Supplied material
================

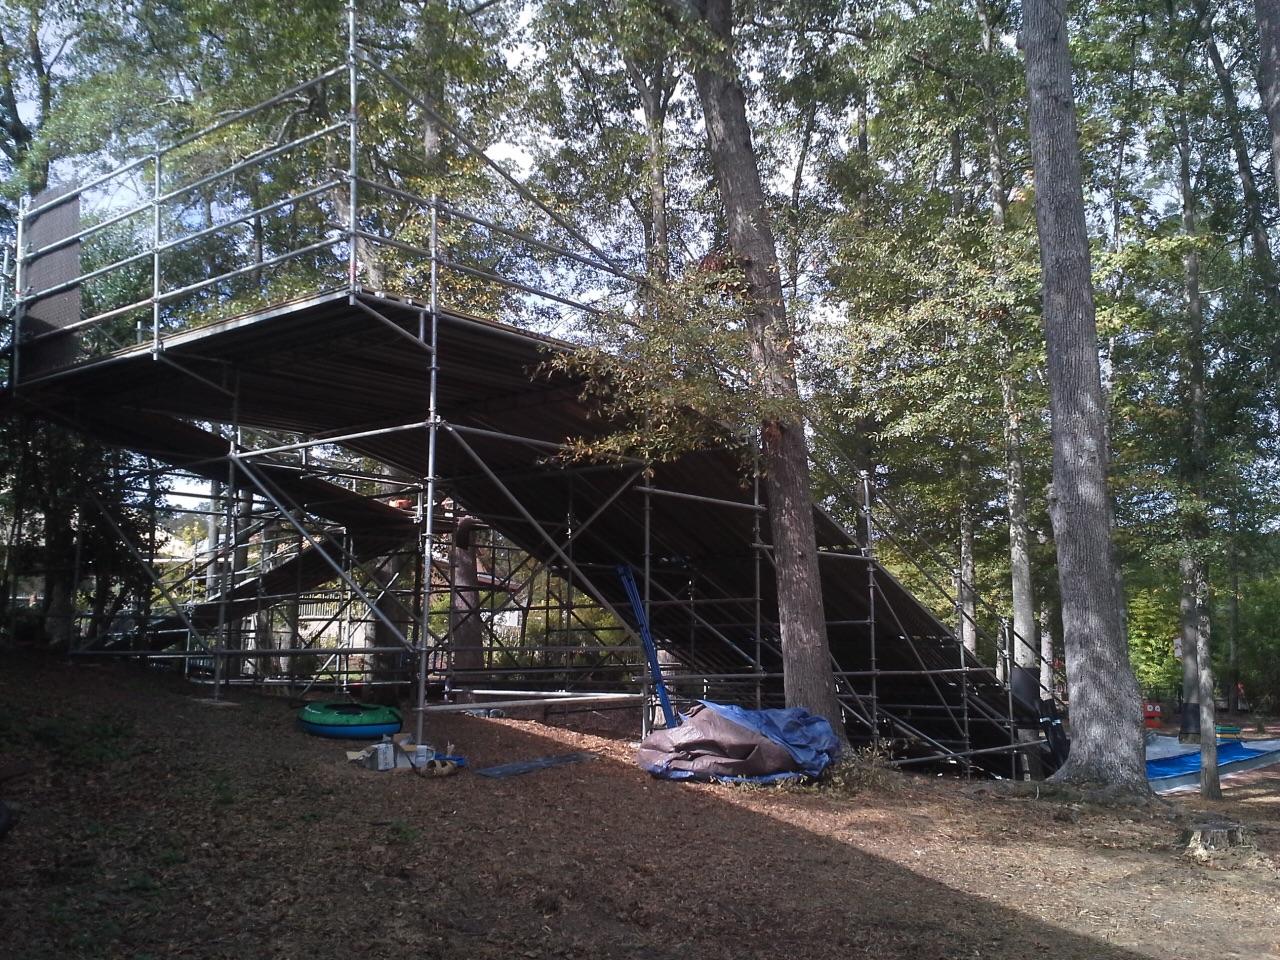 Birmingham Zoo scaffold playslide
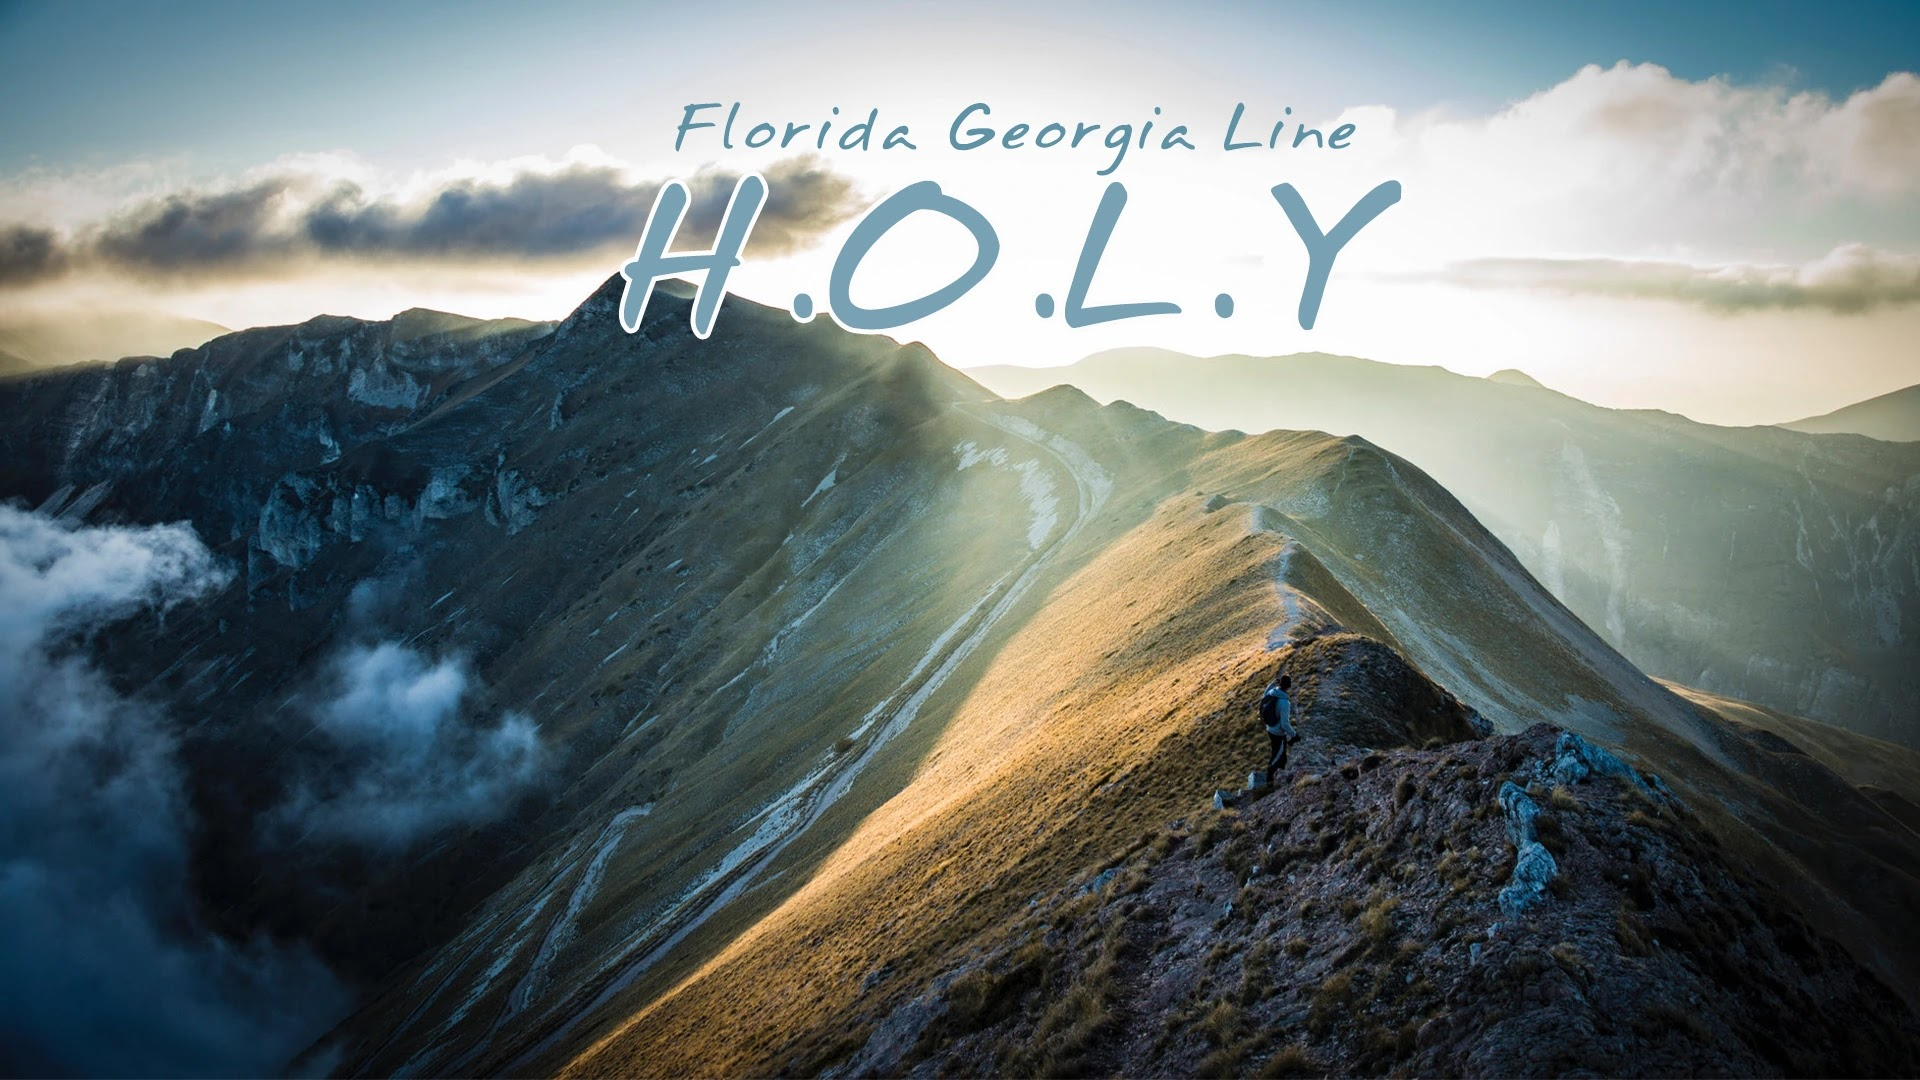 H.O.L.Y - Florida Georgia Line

================

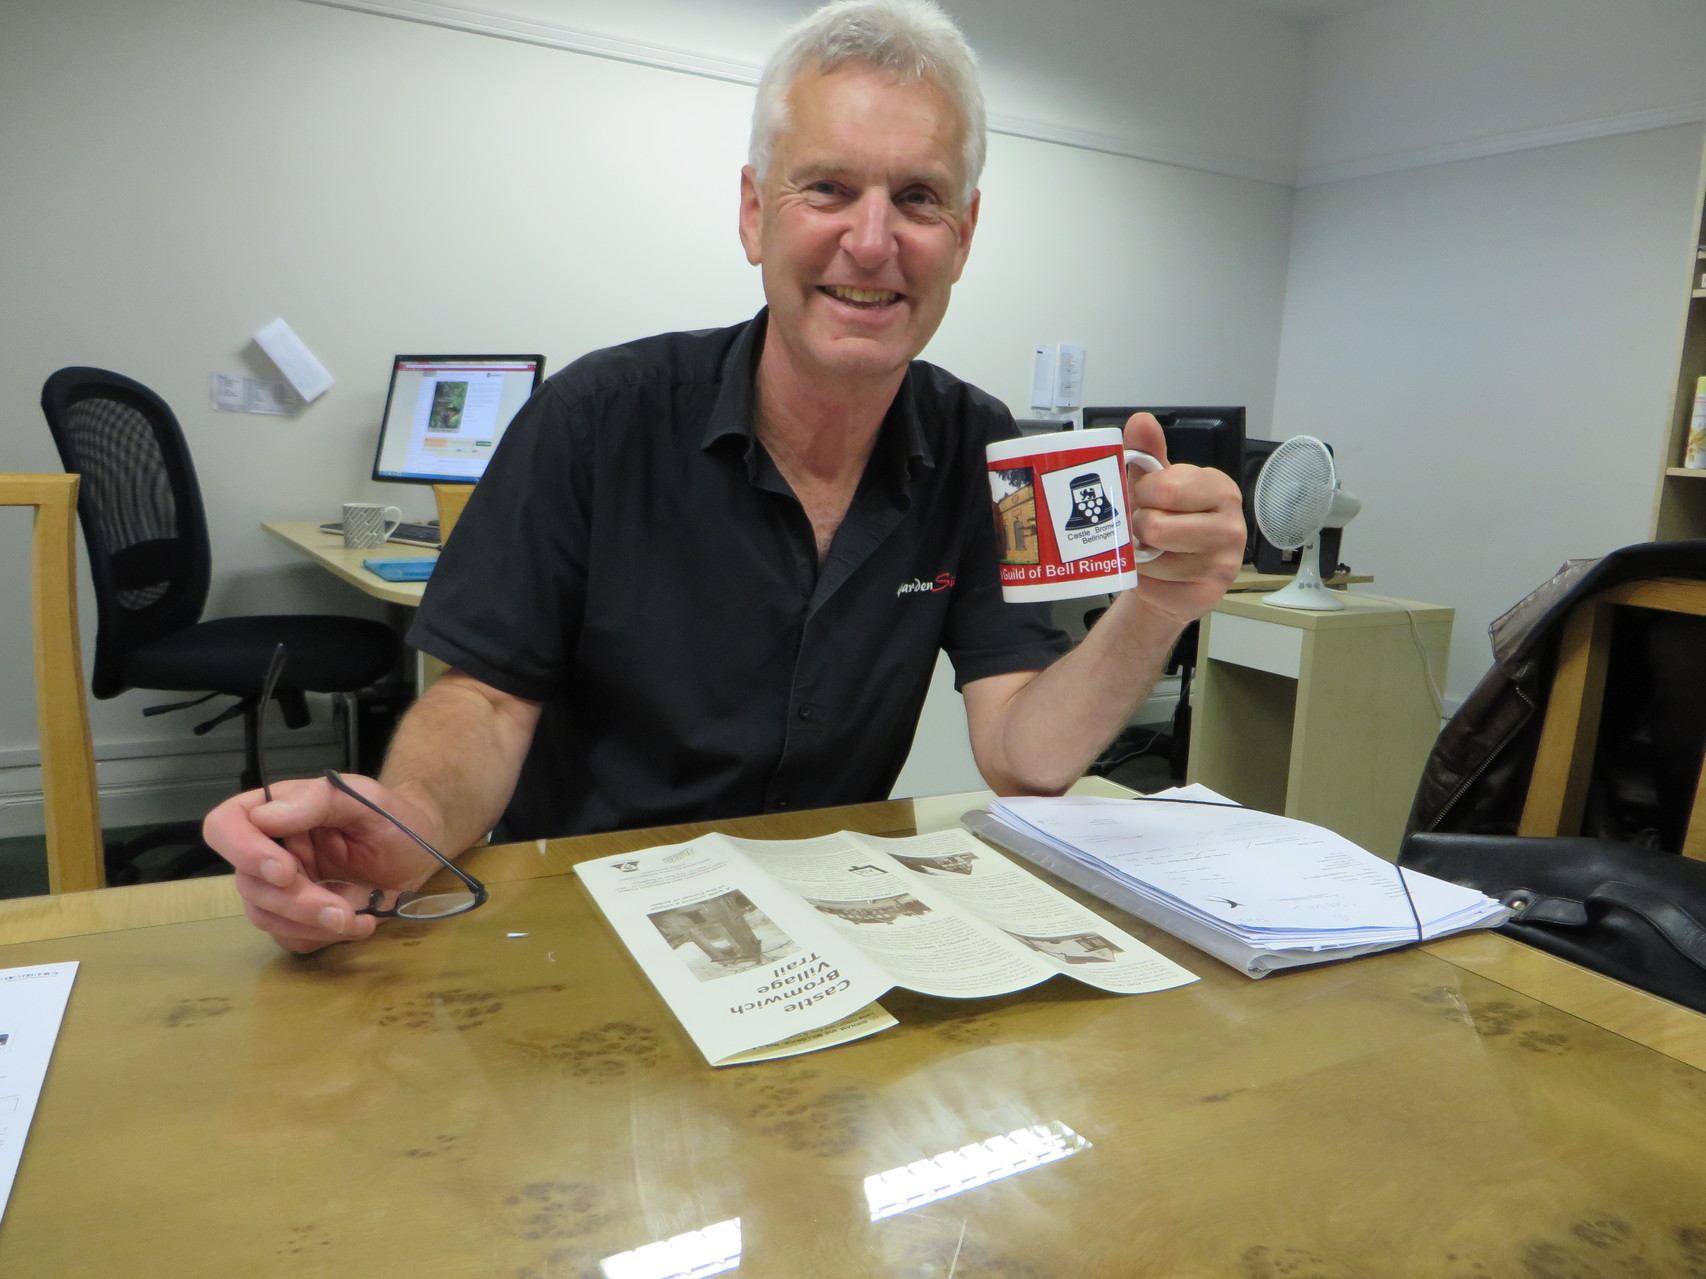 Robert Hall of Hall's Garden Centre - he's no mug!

================

Try it
When you reach the line holding "Birmingham Zoo scaffold playslide" in the listing above, begin retyping exactly, and stop once the line holding "H.O.L.Y - Florida Georgia Line" is done; pictures stay out.

Task answer
 Birmingham Zoo scaffold playslide
 H.O.L.Y - Florida Georgia Line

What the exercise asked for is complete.